I am continuing my work, albeit about half-time. I’m a bit torn because it feels like a betrayal, yet I know that I must. I guess my independent nature is at play and perhaps I can consider this a strength rather than  a weakness.  Because I am home I can certainly be at hand for any changes. He sleeps and I awaken early. There are several hours I can focus during this time. There really is no reason to feel guilt. And my work, my writing in particular keeps me grounded. So, stop worrying, self!

I am excited about getting the Skype set up for video-conferencing. This is to help connect Dave and his long-distance daughter via visuals. Works really well, and made for a good laugh as we tried to get the tech working on both ends.

The guilt and betrayal thing just found its way to the light of day. As I straddle decisions on work and home apparently I needed to see that maintaining my own sense of self and activities does and will help me cope with grief. What began as an update and progress report to a colleague for future work together turned into my journal thoughts whether I wanted it or not.

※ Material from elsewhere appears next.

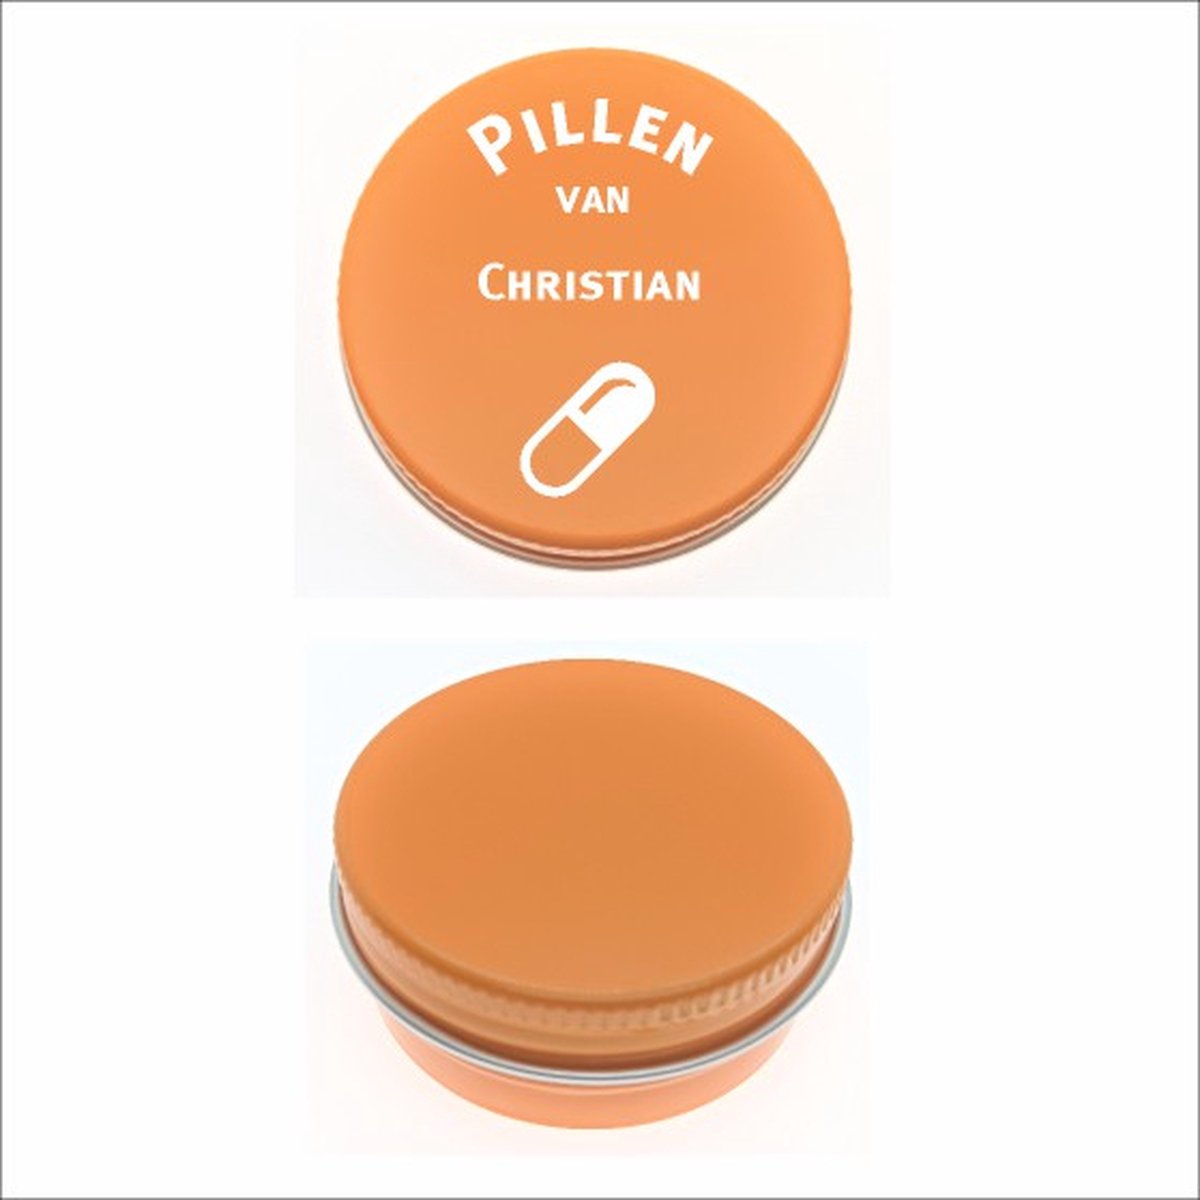 Pillen Blikje Met Naam Gravering - Christian

It is often suggested to write a letter to someone you know, or to the deceased, or to yourself as needed to get pen to paper. In fact, the Storybooks for Healing program has a specific letter writing exercise, too. I absolutely believe that giving  yourself an audience as you write is critical for completing any piece of writing.  Here, my e-mail brought out my previously un-admitted guilt feelings about work because I was writing to a professional contact.

To this end, I bring these thoughts to this audience as a sample of the power of consistent reflective writing and how they can pop out at odd times. (No writing is ever wasted.) And now, I need to go rewrite an e-mail…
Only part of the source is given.